_Directions for this task:_ Your job is to copy the data that follows exactly, every line included.

Saved data entries
# # #

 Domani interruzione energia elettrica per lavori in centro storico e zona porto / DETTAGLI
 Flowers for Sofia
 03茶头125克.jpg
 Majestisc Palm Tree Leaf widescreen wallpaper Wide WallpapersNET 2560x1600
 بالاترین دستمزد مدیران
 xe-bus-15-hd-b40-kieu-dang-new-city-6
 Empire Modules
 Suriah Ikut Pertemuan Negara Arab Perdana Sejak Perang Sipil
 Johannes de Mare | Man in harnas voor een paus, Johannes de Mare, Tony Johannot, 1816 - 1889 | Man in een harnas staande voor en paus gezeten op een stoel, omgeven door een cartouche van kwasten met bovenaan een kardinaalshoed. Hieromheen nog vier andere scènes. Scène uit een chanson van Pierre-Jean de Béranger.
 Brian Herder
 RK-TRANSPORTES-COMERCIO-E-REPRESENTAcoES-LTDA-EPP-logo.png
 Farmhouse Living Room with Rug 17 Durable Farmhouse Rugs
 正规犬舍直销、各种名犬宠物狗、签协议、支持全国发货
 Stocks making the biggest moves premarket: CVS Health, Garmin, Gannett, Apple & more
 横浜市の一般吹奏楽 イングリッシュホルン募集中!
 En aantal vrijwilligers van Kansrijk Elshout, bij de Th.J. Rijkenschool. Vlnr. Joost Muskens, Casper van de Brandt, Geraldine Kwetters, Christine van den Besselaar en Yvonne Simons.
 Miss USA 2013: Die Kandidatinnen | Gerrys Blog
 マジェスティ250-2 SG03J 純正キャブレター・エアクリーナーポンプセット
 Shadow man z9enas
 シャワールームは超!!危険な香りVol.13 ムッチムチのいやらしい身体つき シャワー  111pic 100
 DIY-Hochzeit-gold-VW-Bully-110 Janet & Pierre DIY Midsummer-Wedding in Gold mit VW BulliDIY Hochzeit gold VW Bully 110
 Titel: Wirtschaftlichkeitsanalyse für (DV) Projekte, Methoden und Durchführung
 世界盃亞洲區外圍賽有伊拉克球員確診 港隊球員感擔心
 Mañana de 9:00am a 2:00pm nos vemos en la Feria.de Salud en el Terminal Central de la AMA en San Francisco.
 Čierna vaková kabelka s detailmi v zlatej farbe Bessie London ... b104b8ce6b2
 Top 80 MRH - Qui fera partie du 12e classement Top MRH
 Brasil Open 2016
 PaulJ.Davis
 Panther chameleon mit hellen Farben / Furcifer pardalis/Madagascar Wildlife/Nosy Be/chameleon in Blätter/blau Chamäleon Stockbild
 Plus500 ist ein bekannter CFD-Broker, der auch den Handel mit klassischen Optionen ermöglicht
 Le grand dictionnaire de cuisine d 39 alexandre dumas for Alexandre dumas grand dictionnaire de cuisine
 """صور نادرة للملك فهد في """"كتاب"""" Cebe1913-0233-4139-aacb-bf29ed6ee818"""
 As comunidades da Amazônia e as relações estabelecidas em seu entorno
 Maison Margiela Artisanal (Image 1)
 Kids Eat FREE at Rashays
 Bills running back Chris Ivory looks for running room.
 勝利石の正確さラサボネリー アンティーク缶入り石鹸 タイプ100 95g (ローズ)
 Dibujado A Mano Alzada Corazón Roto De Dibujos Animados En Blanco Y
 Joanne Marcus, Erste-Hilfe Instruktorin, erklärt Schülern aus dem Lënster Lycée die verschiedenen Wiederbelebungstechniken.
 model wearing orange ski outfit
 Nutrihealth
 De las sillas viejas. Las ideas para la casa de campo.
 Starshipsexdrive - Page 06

# # #

_Response area:_
 Domani interruzione energia elettrica per lavori in centro storico e zona porto / DETTAGLI
 Flowers for Sofia
 03茶头125克.jpg
 Majestisc Palm Tree Leaf widescreen wallpaper Wide WallpapersNET 2560x1600
 بالاترین دستمزد مدیران
 xe-bus-15-hd-b40-kieu-dang-new-city-6
 Empire Modules
 Suriah Ikut Pertemuan Negara Arab Perdana Sejak Perang Sipil
 Johannes de Mare | Man in harnas voor een paus, Johannes de Mare, Tony Johannot, 1816 - 1889 | Man in een harnas staande voor en paus gezeten op een stoel, omgeven door een cartouche van kwasten met bovenaan een kardinaalshoed. Hieromheen nog vier andere scènes. Scène uit een chanson van Pierre-Jean de Béranger.
 Brian Herder
 RK-TRANSPORTES-COMERCIO-E-REPRESENTAcoES-LTDA-EPP-logo.png
 Farmhouse Living Room with Rug 17 Durable Farmhouse Rugs
 正规犬舍直销、各种名犬宠物狗、签协议、支持全国发货
 Stocks making the biggest moves premarket: CVS Health, Garmin, Gannett, Apple & more
 横浜市の一般吹奏楽 イングリッシュホルン募集中!
 En aantal vrijwilligers van Kansrijk Elshout, bij de Th.J. Rijkenschool. Vlnr. Joost Muskens, Casper van de Brandt, Geraldine Kwetters, Christine van den Besselaar en Yvonne Simons.
 Miss USA 2013: Die Kandidatinnen | Gerrys Blog
 マジェスティ250-2 SG03J 純正キャブレター・エアクリーナーポンプセット
 Shadow man z9enas
 シャワールームは超!!危険な香りVol.13 ムッチムチのいやらしい身体つき シャワー  111pic 100
 DIY-Hochzeit-gold-VW-Bully-110 Janet & Pierre DIY Midsummer-Wedding in Gold mit VW BulliDIY Hochzeit gold VW Bully 110
 Titel: Wirtschaftlichkeitsanalyse für (DV) Projekte, Methoden und Durchführung
 世界盃亞洲區外圍賽有伊拉克球員確診 港隊球員感擔心
 Mañana de 9:00am a 2:00pm nos vemos en la Feria.de Salud en el Terminal Central de la AMA en San Francisco.
 Čierna vaková kabelka s detailmi v zlatej farbe Bessie London ... b104b8ce6b2
 Top 80 MRH - Qui fera partie du 12e classement Top MRH
 Brasil Open 2016
 PaulJ.Davis
 Panther chameleon mit hellen Farben / Furcifer pardalis/Madagascar Wildlife/Nosy Be/chameleon in Blätter/blau Chamäleon Stockbild
 Plus500 ist ein bekannter CFD-Broker, der auch den Handel mit klassischen Optionen ermöglicht
 Le grand dictionnaire de cuisine d 39 alexandre dumas for Alexandre dumas grand dictionnaire de cuisine
 """صور نادرة للملك فهد في """"كتاب"""" Cebe1913-0233-4139-aacb-bf29ed6ee818"""
 As comunidades da Amazônia e as relações estabelecidas em seu entorno
 Maison Margiela Artisanal (Image 1)
 Kids Eat FREE at Rashays
 Bills running back Chris Ivory looks for running room.
 勝利石の正確さラサボネリー アンティーク缶入り石鹸 タイプ100 95g (ローズ)
 Dibujado A Mano Alzada Corazón Roto De Dibujos Animados En Blanco Y
 Joanne Marcus, Erste-Hilfe Instruktorin, erklärt Schülern aus dem Lënster Lycée die verschiedenen Wiederbelebungstechniken.
 model wearing orange ski outfit
 Nutrihealth
 De las sillas viejas. Las ideas para la casa de campo.
 Starshipsexdrive - Page 06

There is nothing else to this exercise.